• YOUR GOAL
Reproduce the listing below exactly, beginning with its first line and ending with the line that holds "L14 Banner mit Jugendlichen © Lukas Beck"; pictures are not part of the copy.

• DATA BLOCK
══════════════════════════════

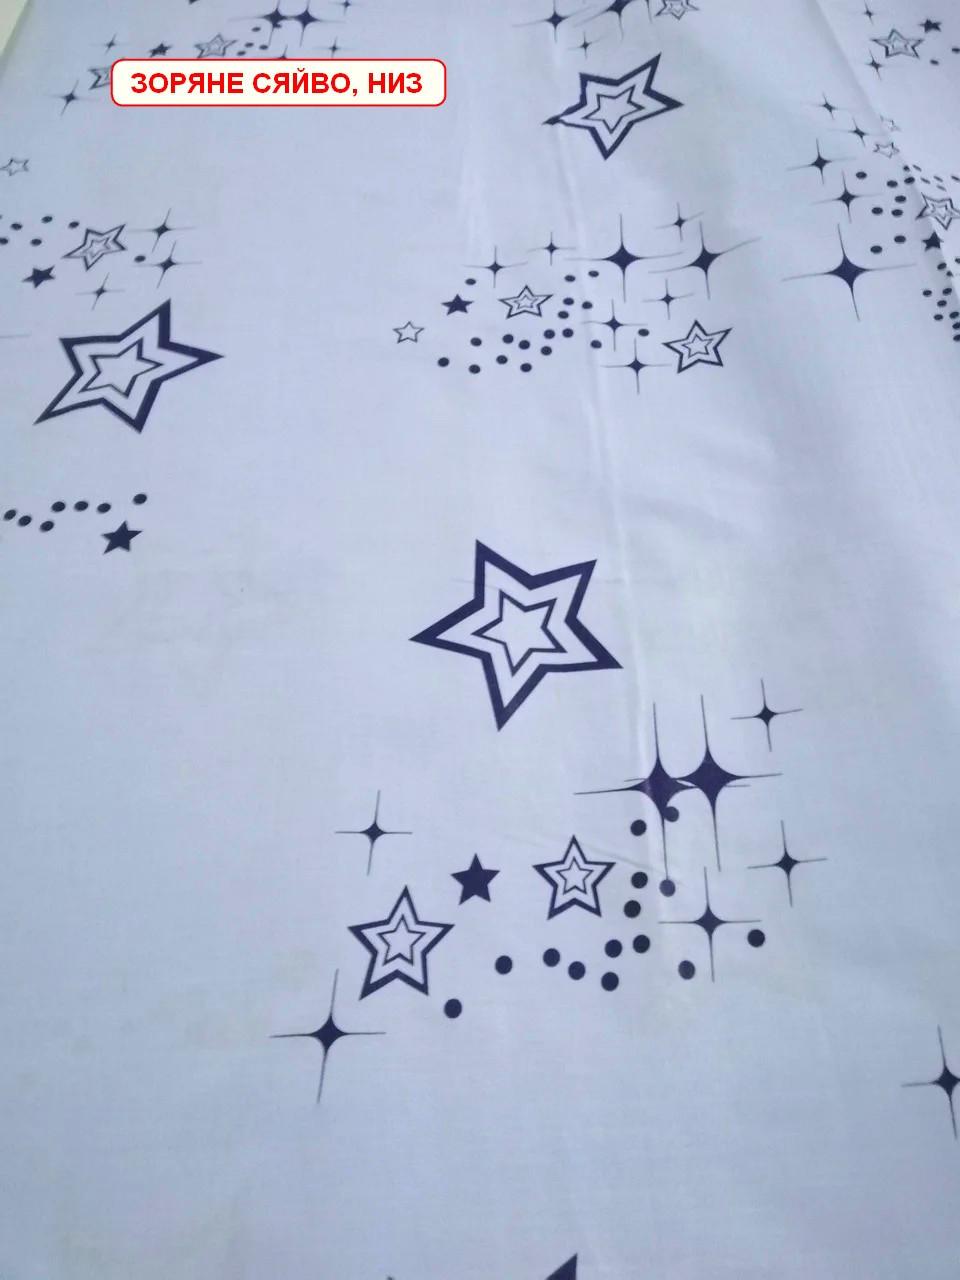 Двоспальнепростирадлона резинці - Зоряне сяйво, низ
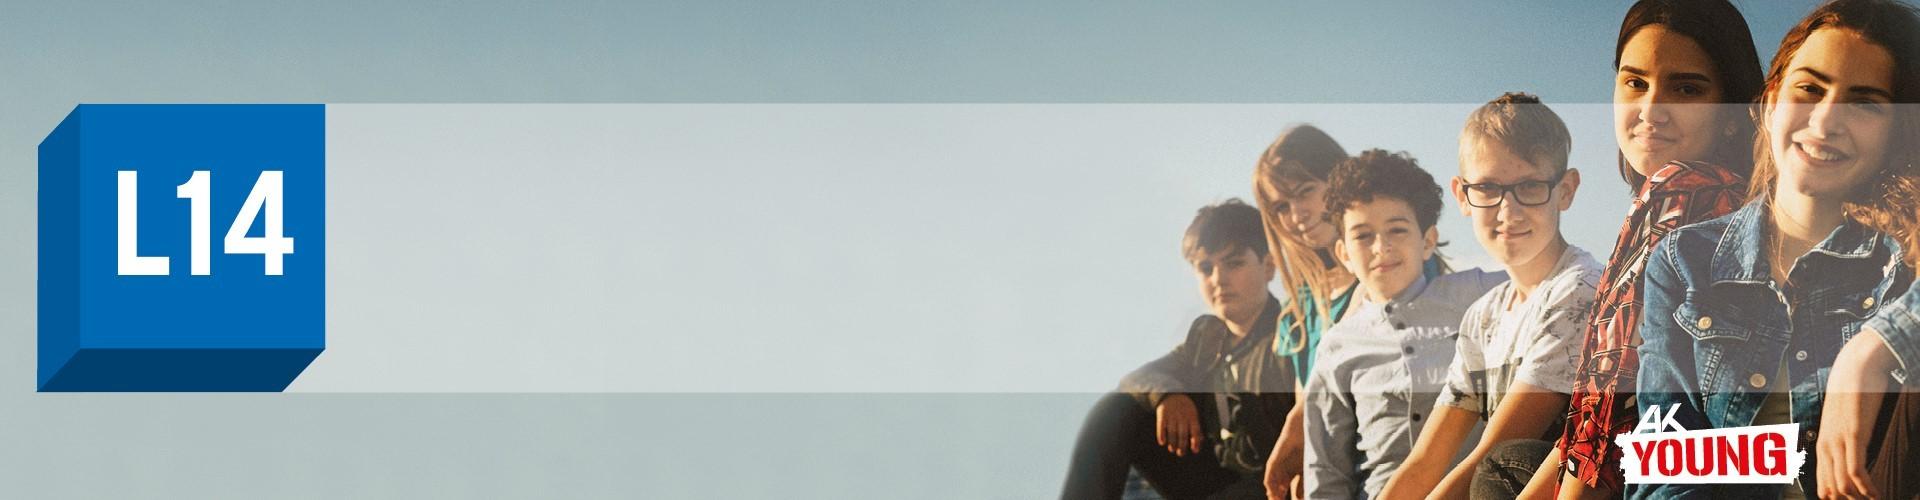 L14 Banner mit Jugendlichen © Lukas Beck
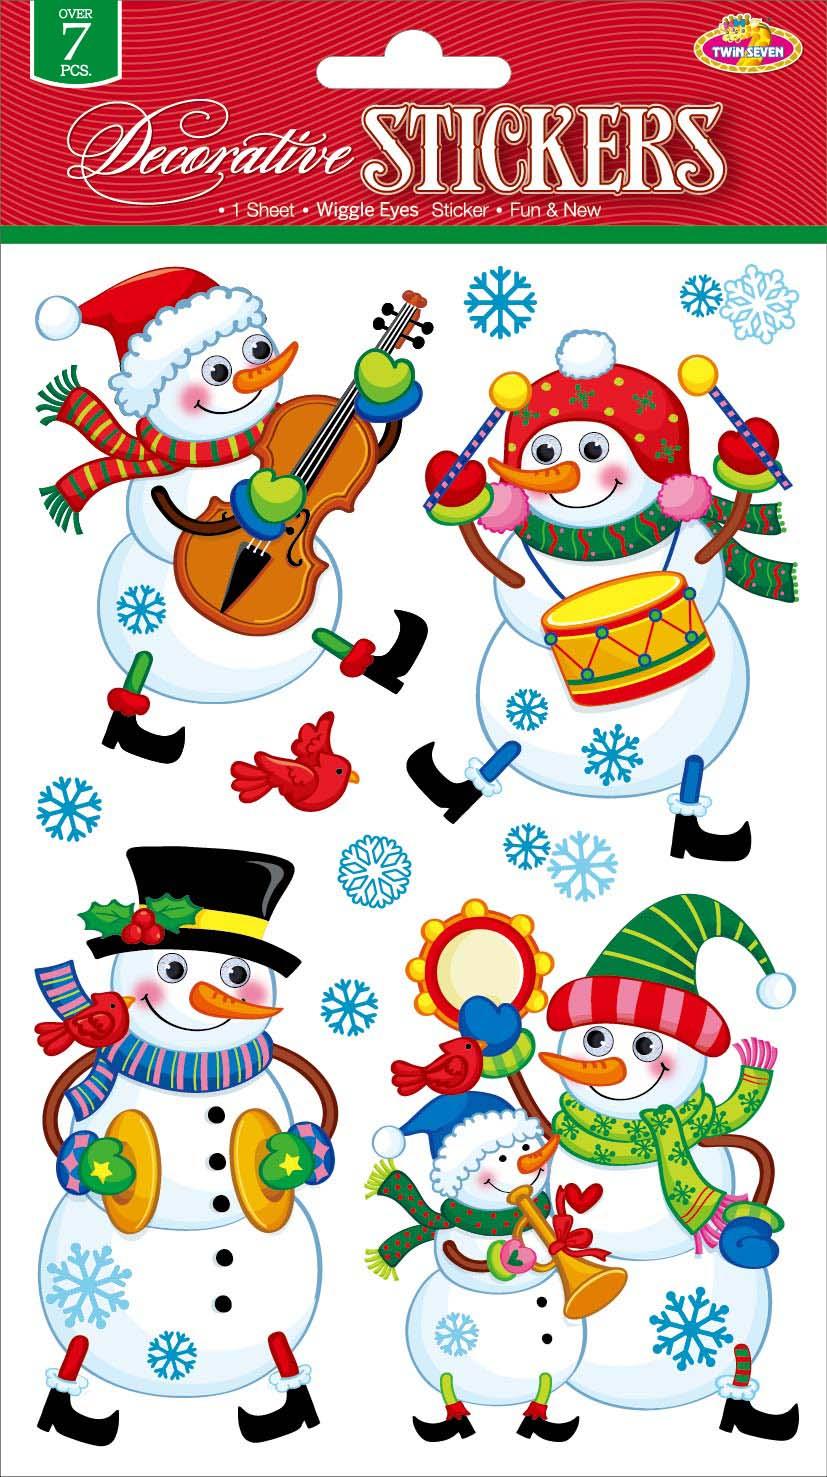 Наклейки для интерьера Room Decoration Забавные снеговичкиCLX3408Наклейки для стен и предметов интерьера Room Decoration Забавные снеговички, изготовленные из самоклеящейся виниловой пленки, помогут украсить дом к предстоящим праздникам. Изделия выполнены в виде снеговиков с объемными глазами, снежинок. Наклейки дадут вам вдохновение, которое изменит вашу жизнь и поможет погрузиться в мир ярких красок, фантазий и творчества. Для вас открываются безграничные возможности придумать оригинальный дизайн и придать новый вид стенам и мебели. Наклейки абсолютно безопасны для здоровья. Они быстро и легко наклеиваются на любые ровные поверхности: стены, окна, двери, стекла, мебель. При необходимости удобно снимаются, не оставляют следов. Наклейки Room Decoration Забавные снеговички помогут вам изменить интерьер вокруг себя: в детской комнате и гостиной, на кухне и в прихожей, витрину кафе и магазина, детский садик и офис. Размер листа: 14 см х 21 см. Количество наклеек на листе: 11 шт. Размер самой большой...

══════════════════════════════

• ANSWER TO THE PROBLEM
 Двоспальнепростирадлона резинці - Зоряне сяйво, низ
 L14 Banner mit Jugendlichen © Lukas Beck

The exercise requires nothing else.